Science has finally caught up with what dog lovers have known for years--that having a dog is great for your health. Here are six ways science has proven that living with a dog promotes better heart health.
Decreased cholesterol and triglycerides. Lower cholesterol and triglycerides reduces the risk of cardiovascular disease. Results
of a three-year study of over 5,700 people showed that those who lived with pets, including dogs, had lower blood pressure and
triglyceride and cholesterol levels than did non-pet-owners, even after accounting for additional exercise, smoking, diet, weight, and socioeconomic profile.
Lowered blood pressure. Women undergoing stress tests have lower blood pressure in the presence of dog than they have in the
presence of a friend. The simple act of petting your dog causes your blood pressure to drop. What's more, the lowered blood pressure stays in effect even when the dog is no longer present.
Improved chance of surviving a heart attack. A study conducted by the US Department of Health concluded that 28% of heart patients with pets, including dogs, survived serious heart attacks, compared with only 6% of patients who did not have a pet, even after accounting for factors such as the severity of heart disease.
Longer life-expectancy after a heart attack. A study published in the American Journal of Cardiology found that men who had a dog were six times more likely to be alive one year after a heart attack than men without a dog. The presence of a pet affected survival rate even more than having a spouse or friends.
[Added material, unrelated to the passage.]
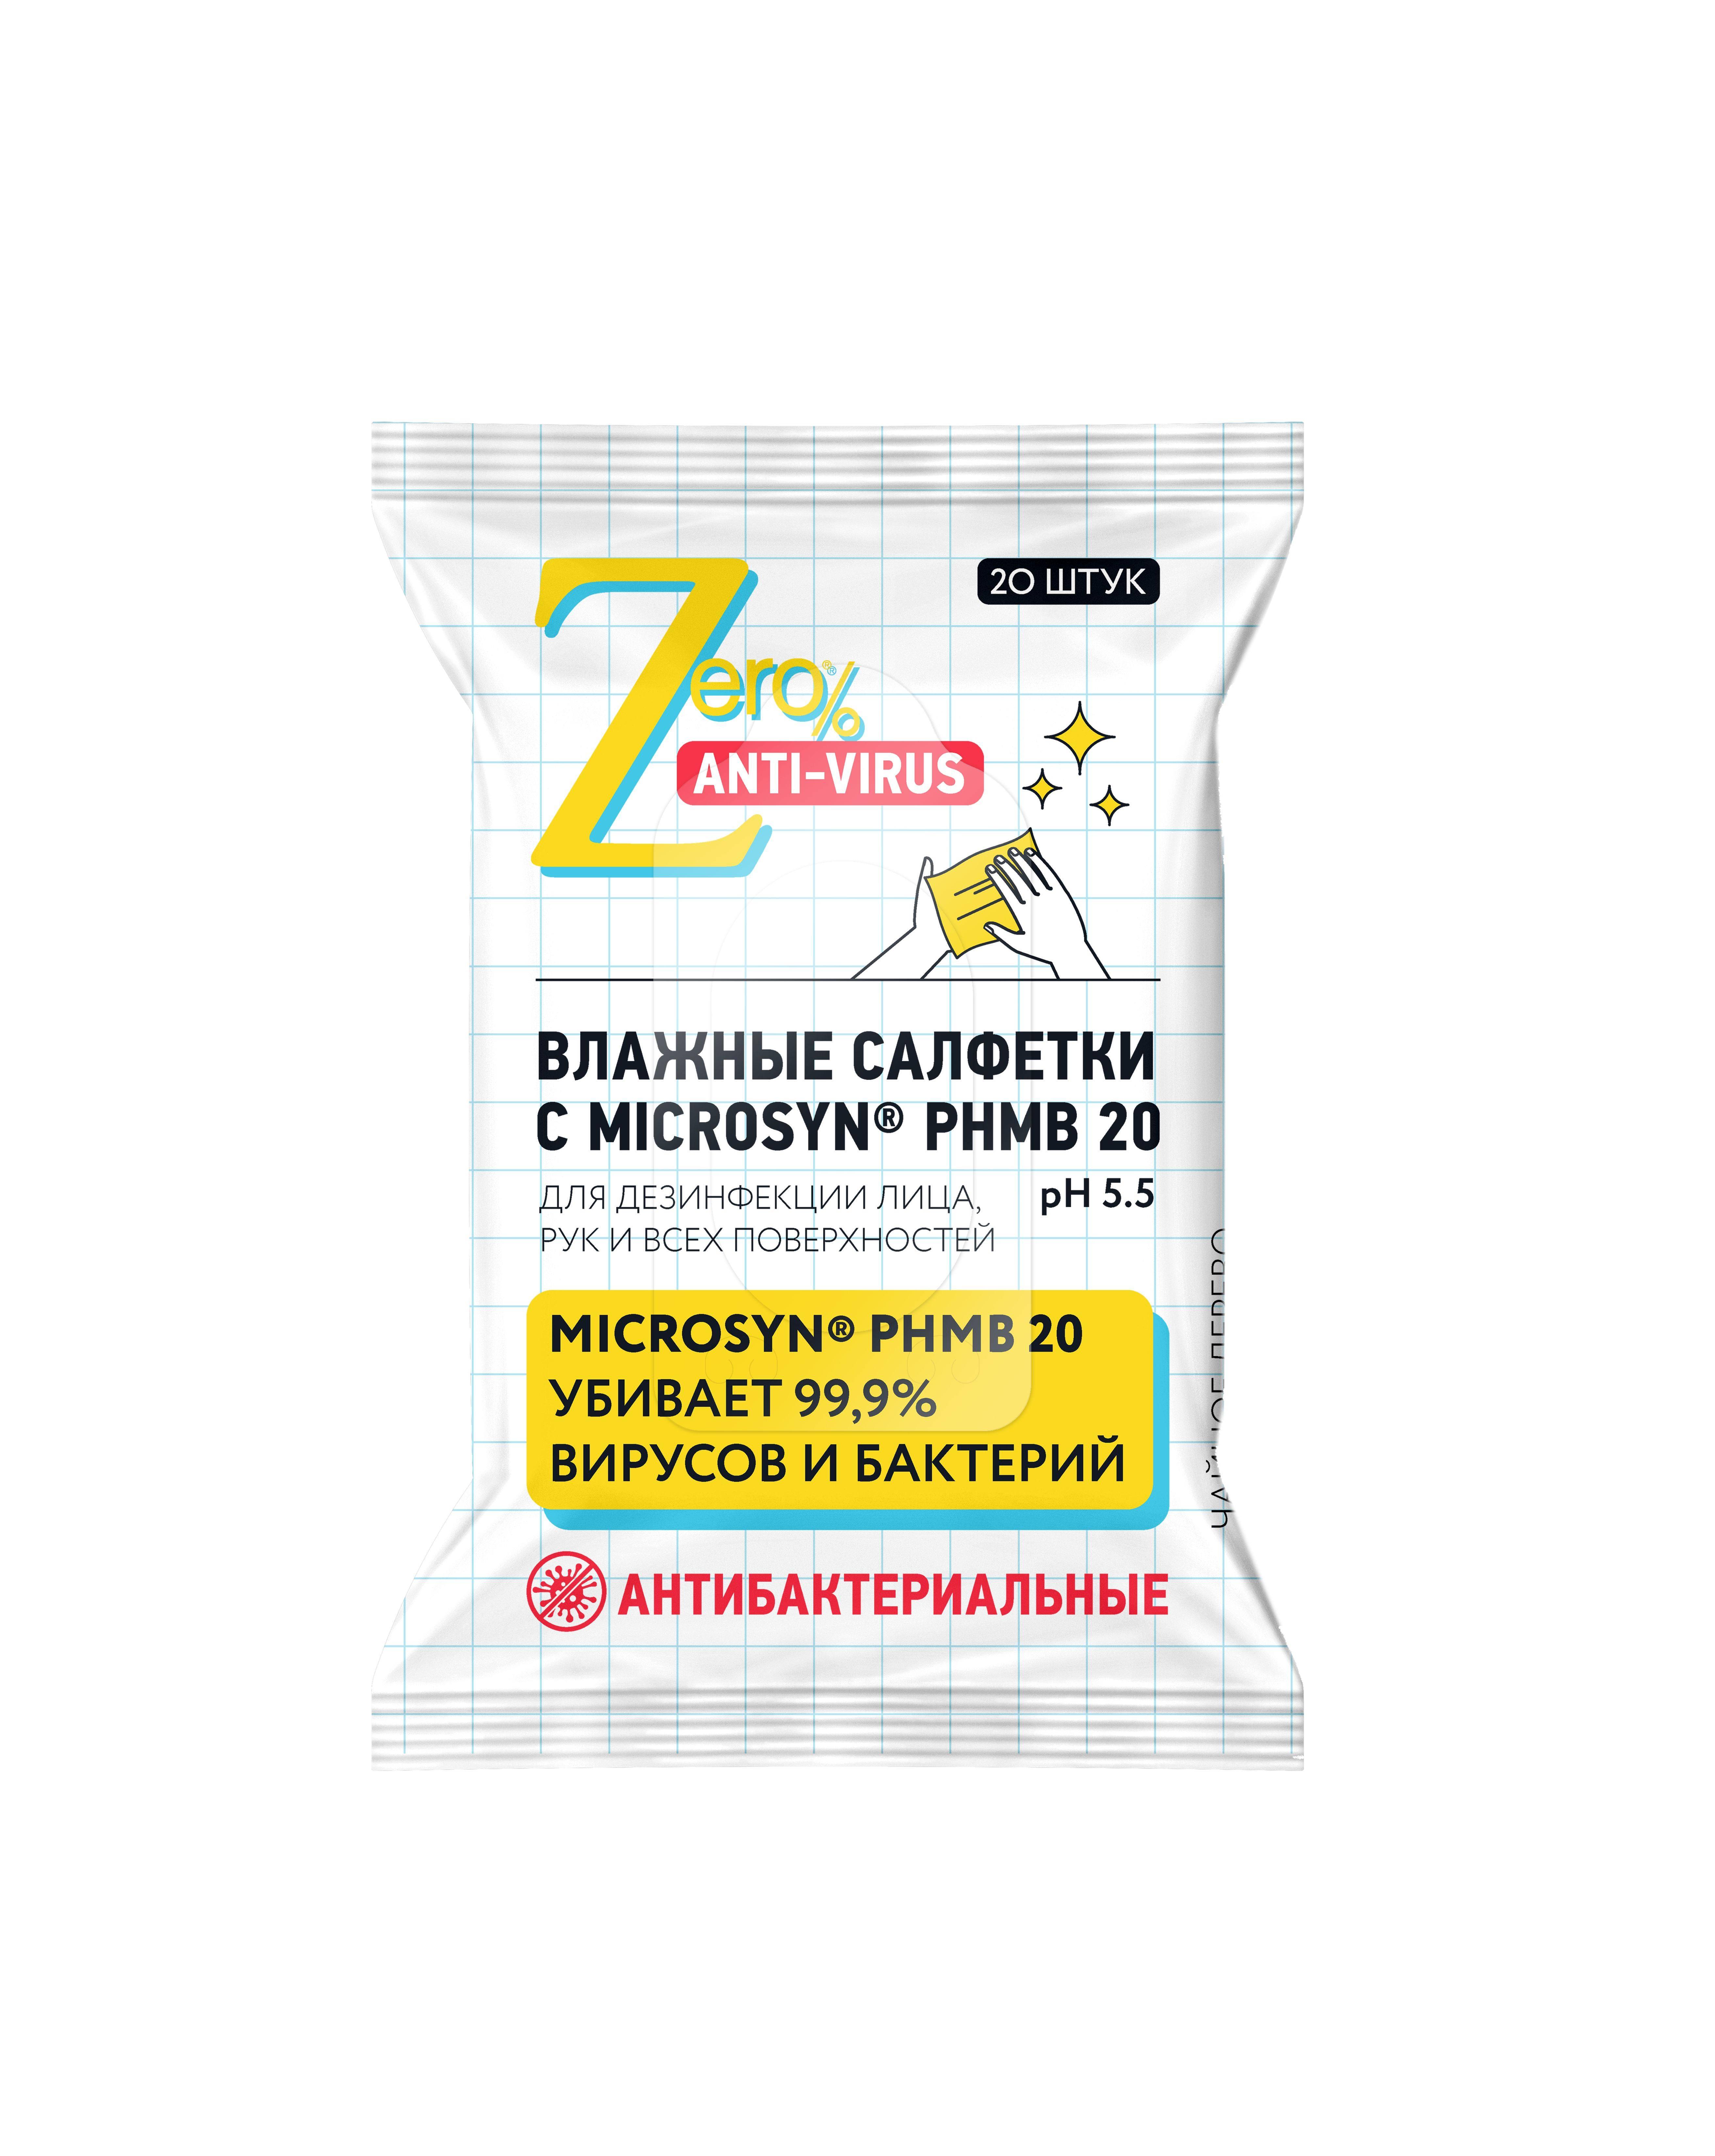 Купить ZERO Anti-Virus Антибактериальные влажные салфетки для лица, рук и всех поверхностей 20 шт. (shop: Organic-shops Organic shops)

Reduced stress. A study by State University of New York at Buffalo of stockbrokers who had dogs or cats in their offices had smaller increases in blood pressure when they had to carry out stressful tasks than those who did not have a pet present.
Increased exercise. One study showed that when people get a dog, they increase their walking time fivefold--from an average of one hour to five hours. Five hours of walking per week has a benefit equal to giving up smoking.